Tine Juhl Wade, Laborleiterin

Darüber hinaus unterstrich die Studie die Bedeutung anpassungsfähiger Lehrmethoden im digitalen Zeitalter. Tine Juhl Wades Erstellung maßgeschneiderter Video-Tutorials und Anleitungen, die auf unterschiedliche Lernstile zugeschnitten waren, stellte sicher, dass auch Studierende mit technischen Schwierigkeiten in ihrem eigenen Tempo vorankommen konnten.
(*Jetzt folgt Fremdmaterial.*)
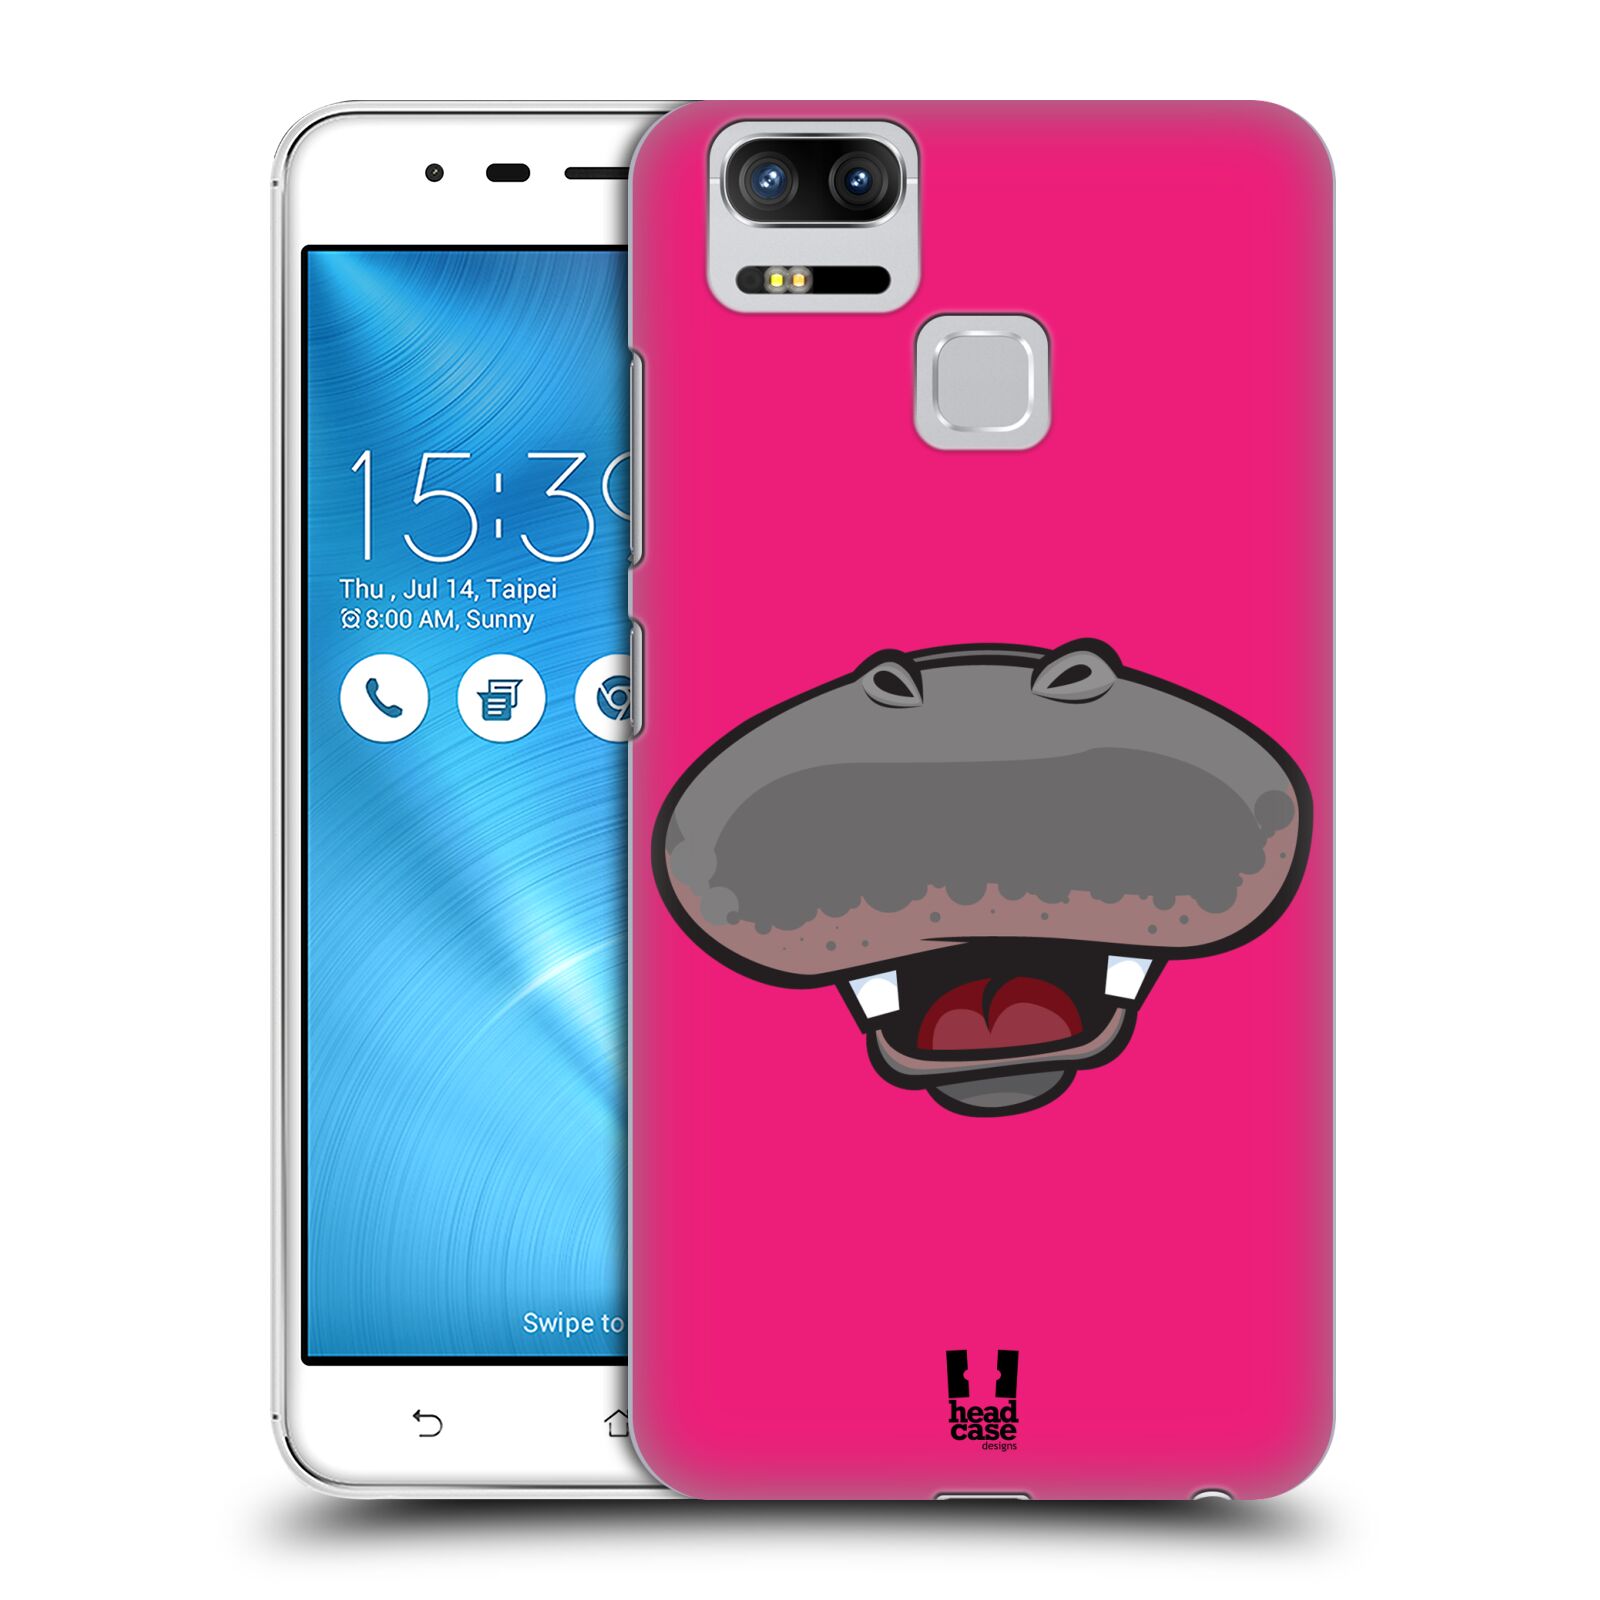 HEAD CASE plastový obal na mobil Asus Zenfone 3 Zoom ZE553KL vzor Zvířecí úsměv hroch růžová

Ein Beweis für ihre Wirksamkeit ist, dass ein Schüler, der den Kurs von zu Hause aus absolvierte, den Workshop dank der Kombination aus der intuitiven Benutzeroberfläche von iMotions Online und den maßgeschneiderten Lernmaterialien problemlos absolvieren konnte und dabei nur sehr wenig Unterstützung durch den Lehrer benötigte.

Zukünftige Ausrichtung von iMotions Online

Angesichts des Erfolgs der Studie sieht Tine Juhl Wade breitere Anwendungsmöglichkeiten für iMotions Online im Bildungsbereich, von der Sekundarstufe bis zur Hochschule. Sie erklärt, dass die Einfachheit und die Praxisnähe der Plattform als entscheidende Faktoren für ihre Wirksamkeit als Lehrmittel hervorgehoben wurden, die sich problemlos auch auf jüngere Schüler übertragen lassen. Darüber hinaus regte die Studie Überlegungen zur Erstellung eines Schülerhandbuchs an, das bei der Interpretation der Daten helfen soll, und zeigte damit einen Weg auf, wie die Lernerfahrung verbessert werden kann.

Fazit

Die iMotions Online-Fallstudie am VIA University College veranschaulicht das Potenzial der Integration digitaler Tools in die Lehre. Durch eine Mischung aus praktischen Übungen, personalisierten Unterrichtsmaterialien und einem Fokus auf die praktische Anwendung wurden die Studierenden in die Lage versetzt, sich aktiv mit Neuromarketing-Konzepten auseinanderzusetzen und wertvolle Einblicke in die datenanalytische Seite des Marketings zu gewinnen. Dieser Plattformtest demonstriert nicht nur den innovativen Einsatz von iMotions Online, sondern dient auch als Blaupause für zukünftige Bildungsinitiativen, die darauf abzielen, die Kluft zwischen Theorie und Praxis im digitalen Zeitalter zu überbrücken.